2. "Medicare replacement policy" has the meaning given in section 600.03 (28p) of the statutes.
3. "Medicare supplement policy" has the meaning given in section 600.03 (28r) of the statutes.
4. "Plan" means the Health Insurance Risk-Sharing Plan under subchapter II of chapter 149 of the statutes.
(b) Time-limited guaranteed issue.
1. An insurer offering a Medicare supplement policy or a Medicare replacement policy in this state shall provide coverage under the policy to any individual who satisfies all of the following:
a. The individual is eligible for Medicare.
b. The individual had coverage under the plan.
c. The individual's coverage under the plan terminated on the date specified in subsection (1L) (b) 1. b.
d. The individual applies for coverage under the policy before the date that is 63 days after the date specified in subsection (1L) (b) 1. b.
e. The individual pays the premium for the coverage under the policy.

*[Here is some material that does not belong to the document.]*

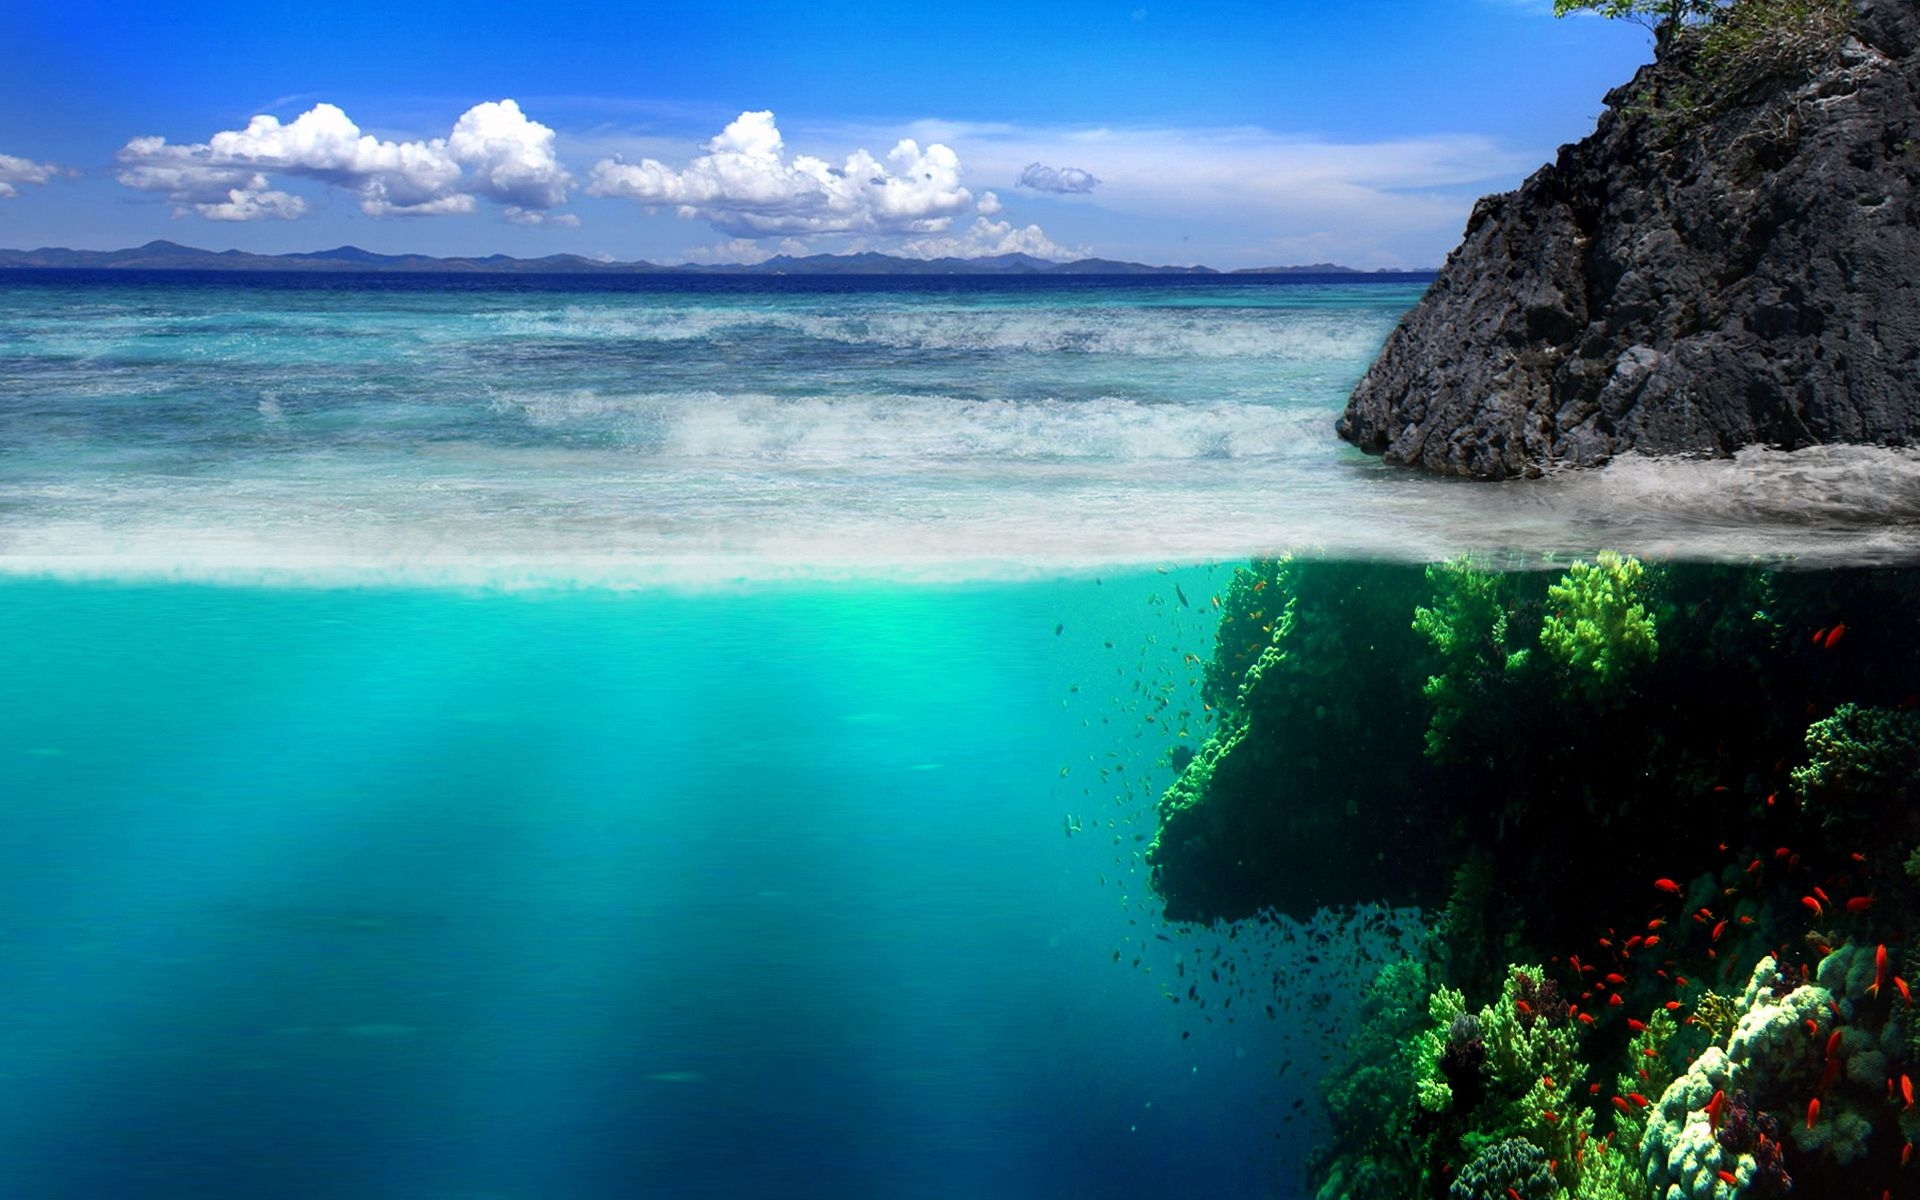 Ocean Backgrounds free download | PixelsTalk.Net

2. An insurer under subdivision 1. may not deny coverage to any individual who satisfies the criteria under subdivision 1. a. to e. on the basis of health status, receipt of health care, claims experience, or medical condition, including disability.
(c) Notice of requirement. In addition to the requirement under subsection (1L) (b) 1. b. to provide notice to the insurers described in paragraph (b) 1. of the date on which coverage under the plan terminates, within 60 days after the effective date of this paragraph the Health Insurance Risk-Sharing Plan Authority under subchapter III of chapter 149 of the statutes shall provide notice to the insurers described in paragraph (b) 1. of the requirement under this subsection.